Task goal: Leave every picture out. Set down all the lines below exactly.

Data:
──────────────────────────────

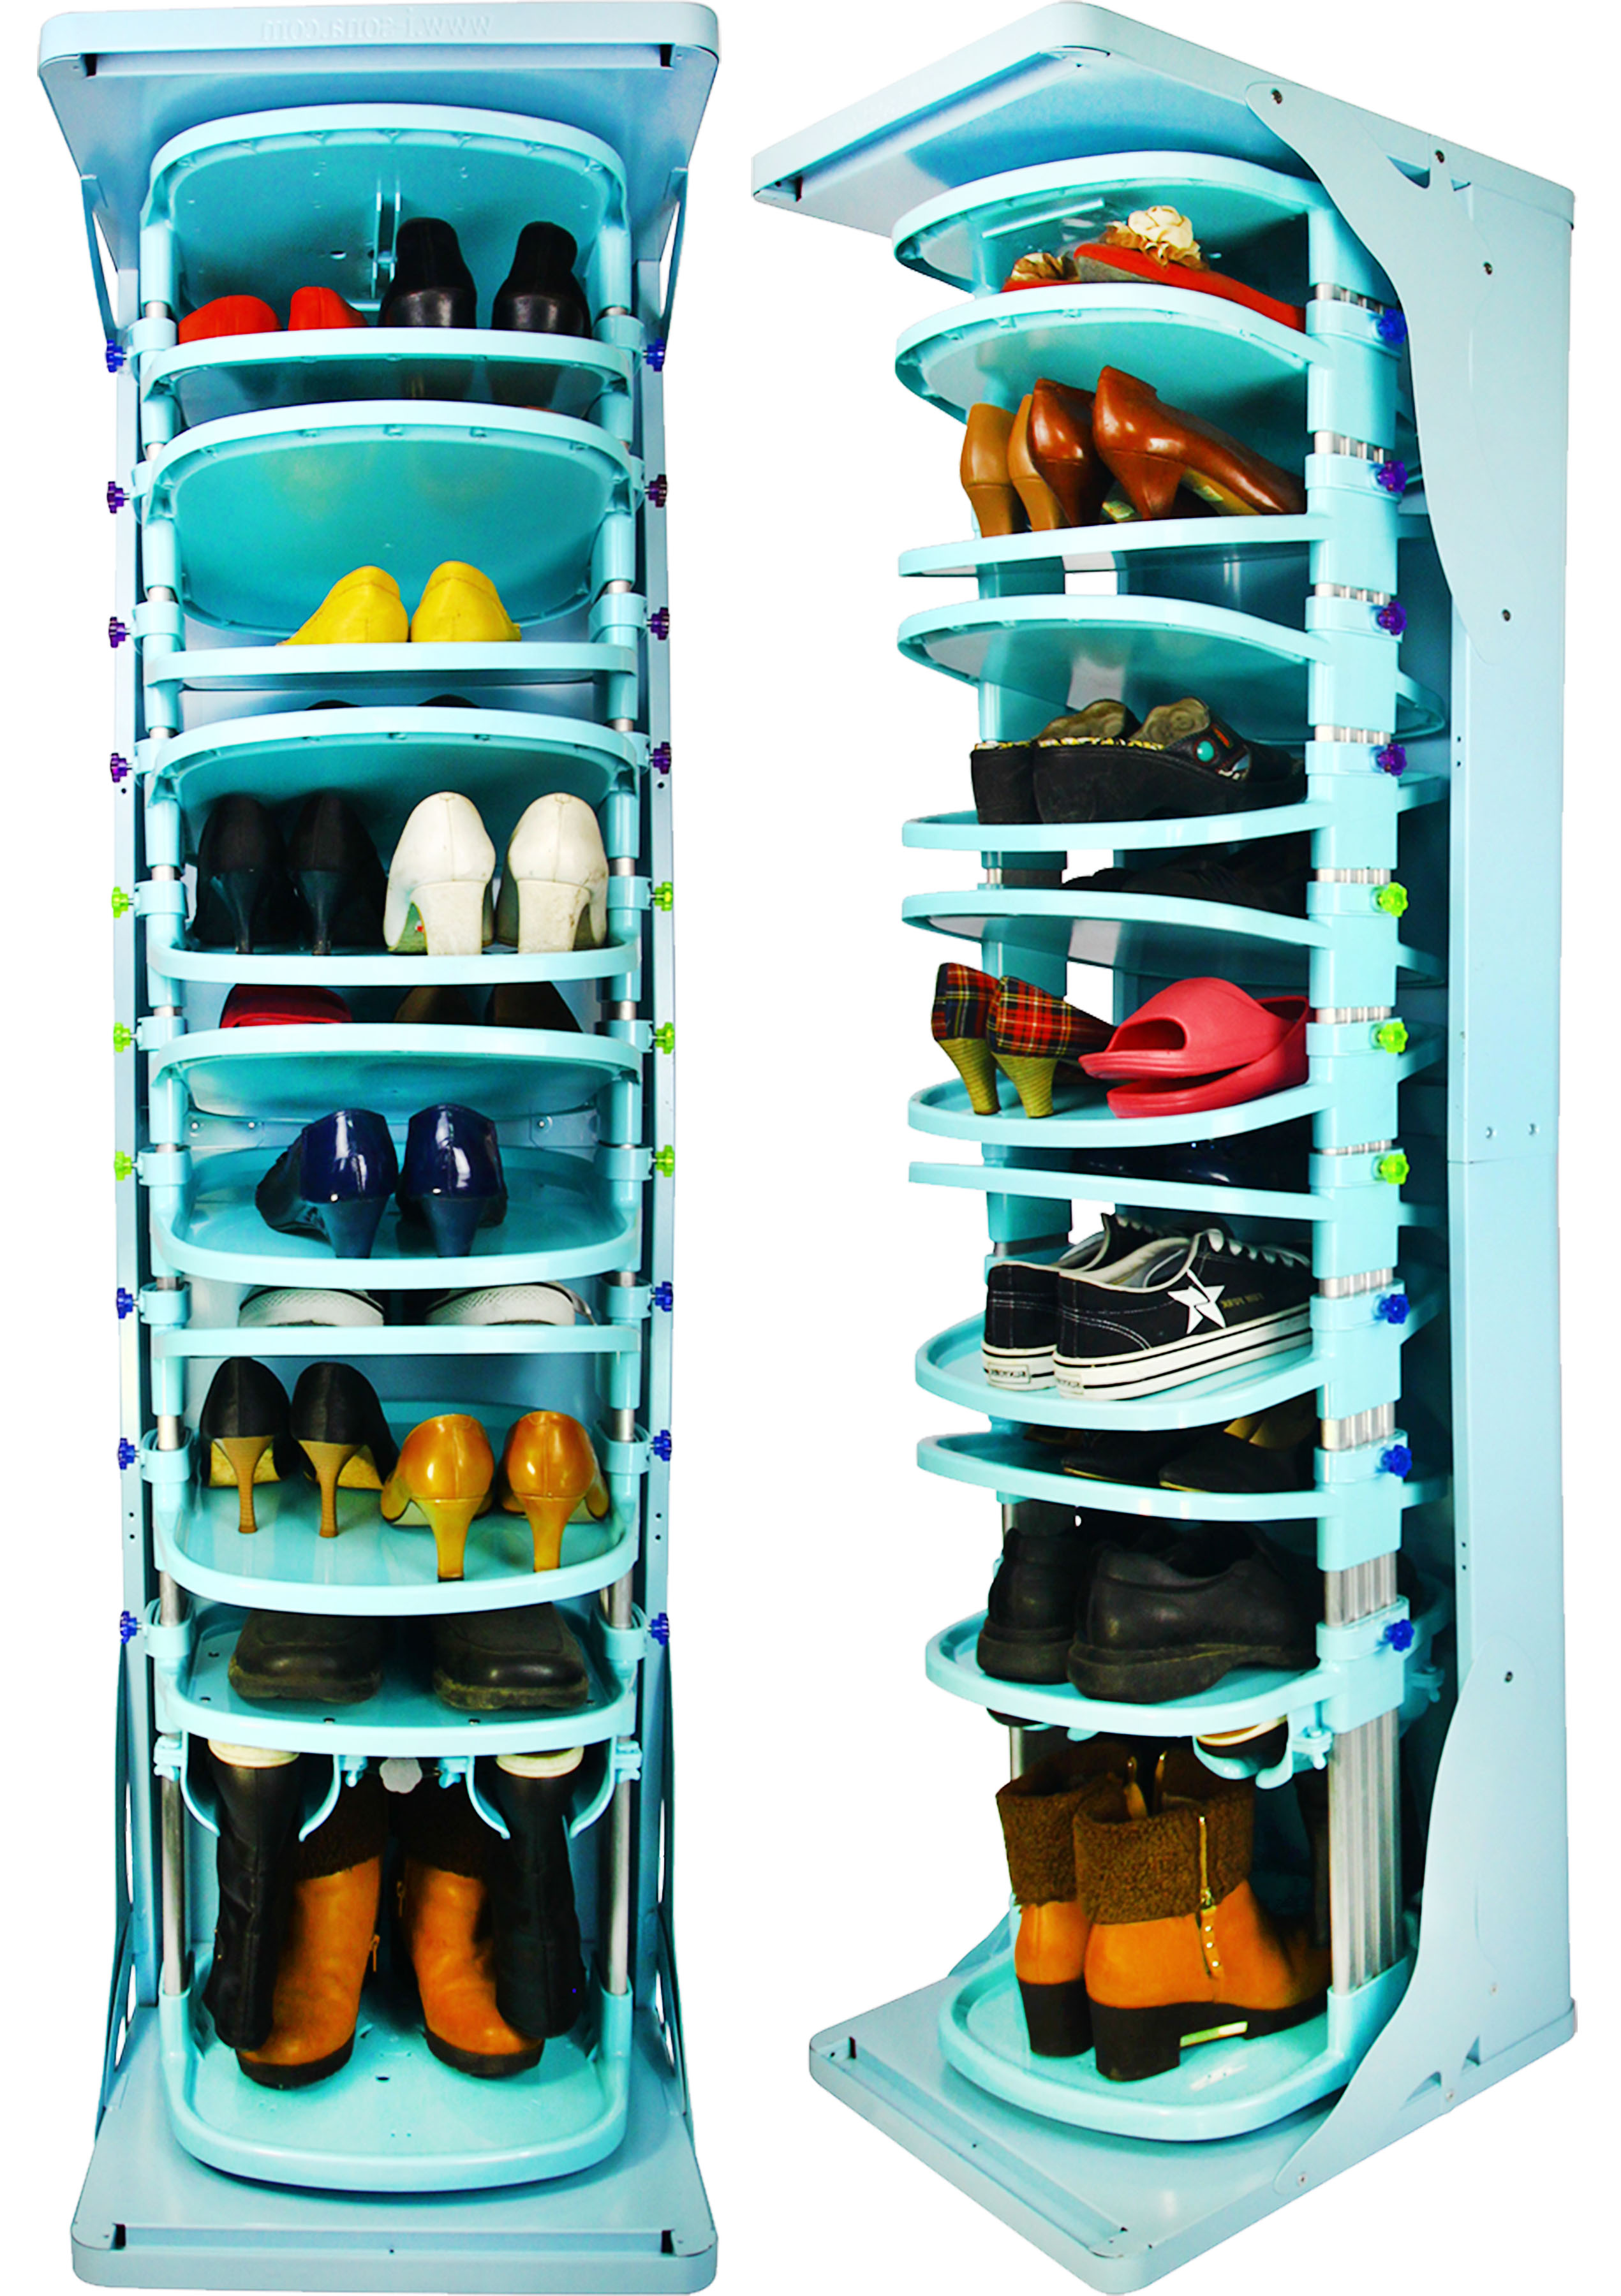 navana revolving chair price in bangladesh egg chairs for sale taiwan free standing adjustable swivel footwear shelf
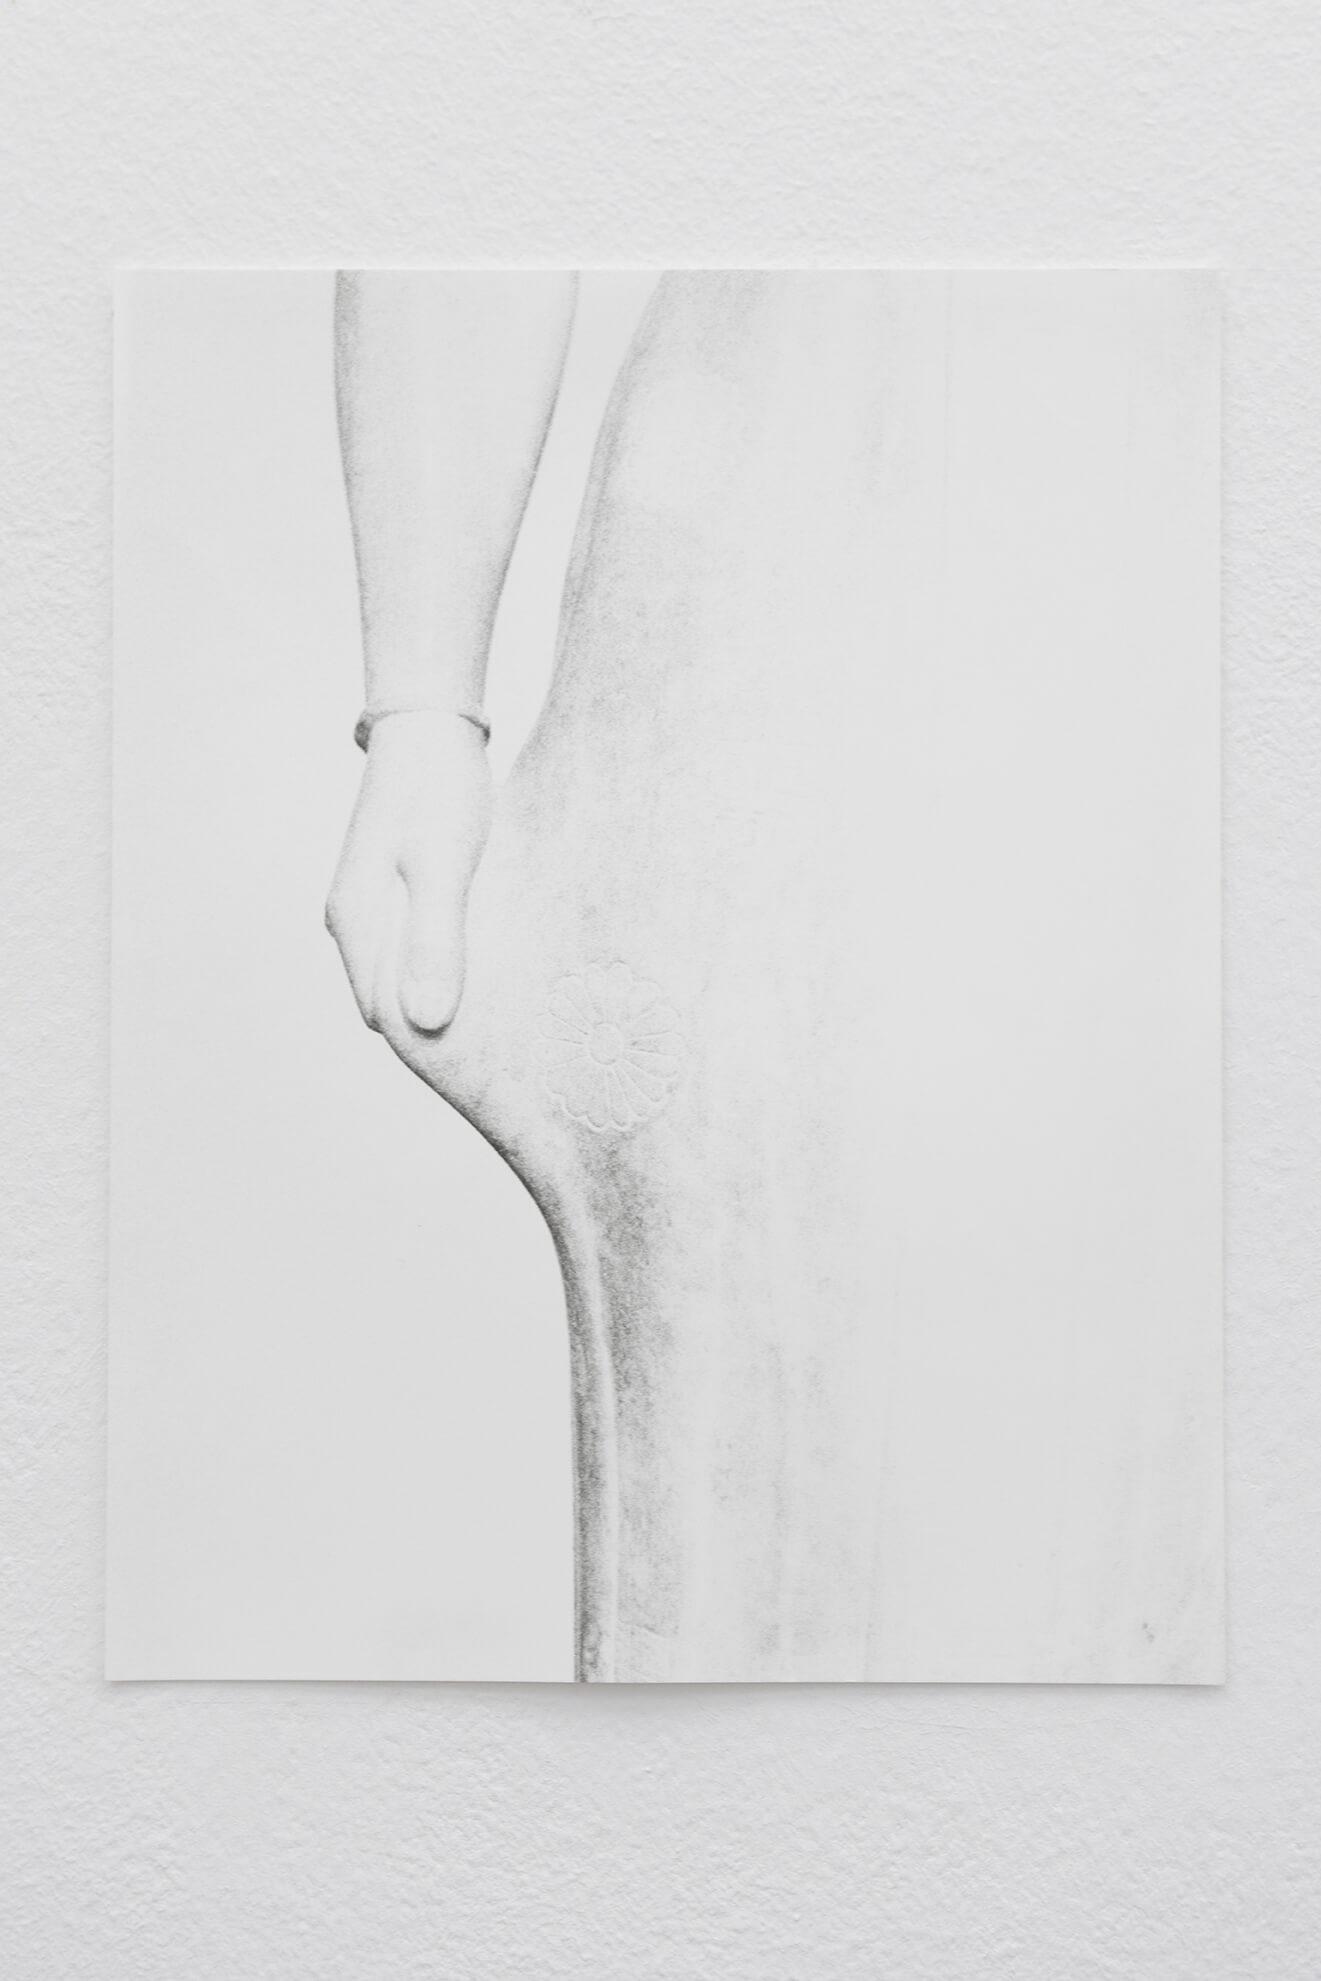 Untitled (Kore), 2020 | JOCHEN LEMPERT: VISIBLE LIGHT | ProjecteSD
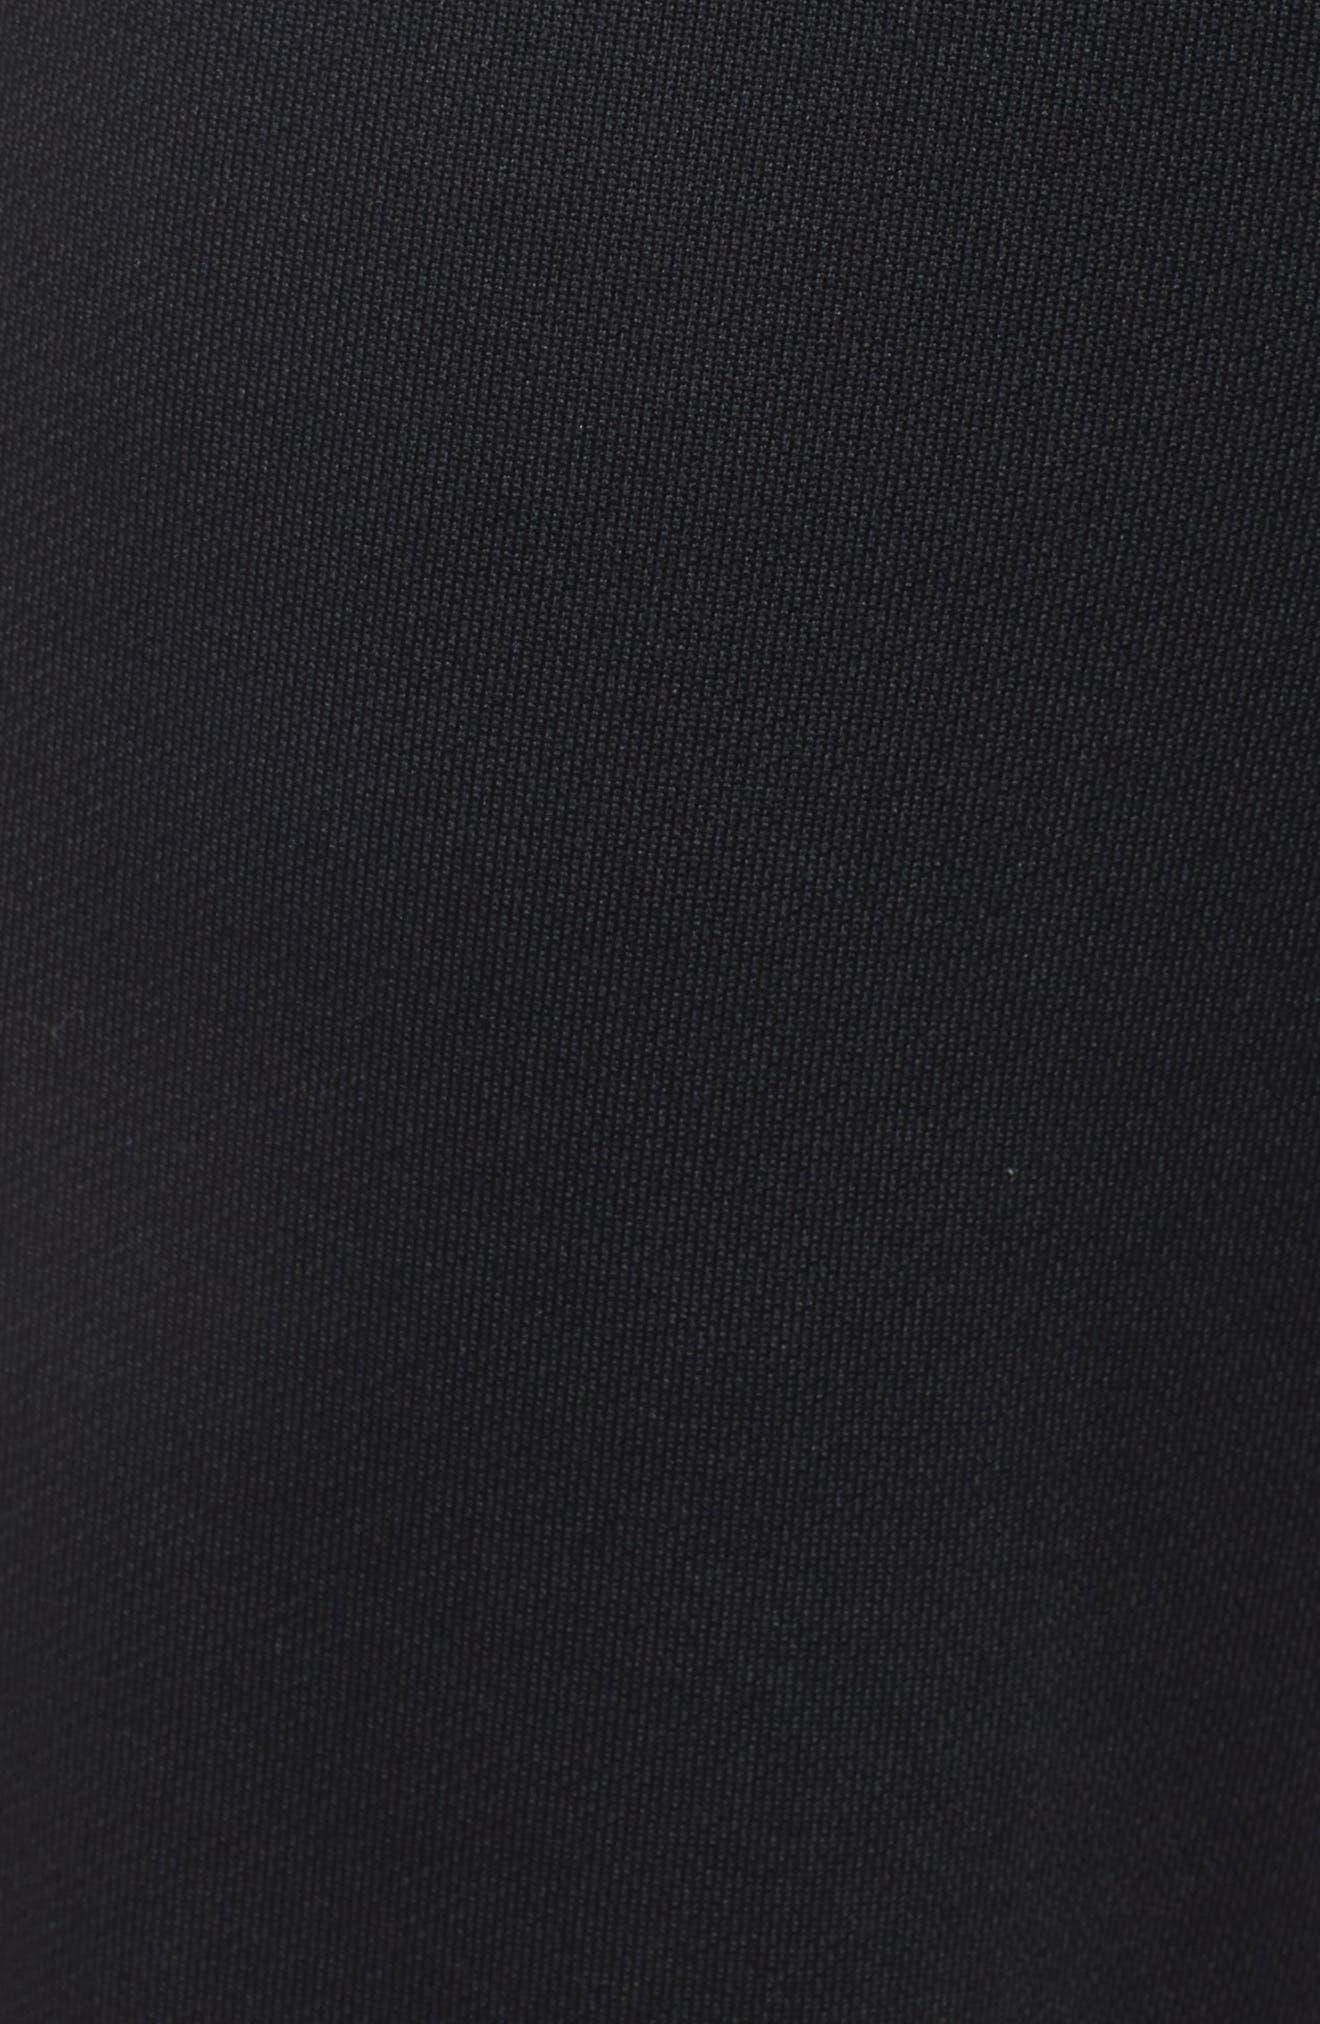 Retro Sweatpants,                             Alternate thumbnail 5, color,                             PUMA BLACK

──────────────────────────────

Result of this exercise:
 navana revolving chair price in bangladesh egg chairs for sale taiwan free standing adjustable swivel footwear shelf
 Untitled (Kore), 2020 | JOCHEN LEMPERT: VISIBLE LIGHT | ProjecteSD
 Retro Sweatpants,                             Alternate thumbnail 5, color,                             PUMA BLACK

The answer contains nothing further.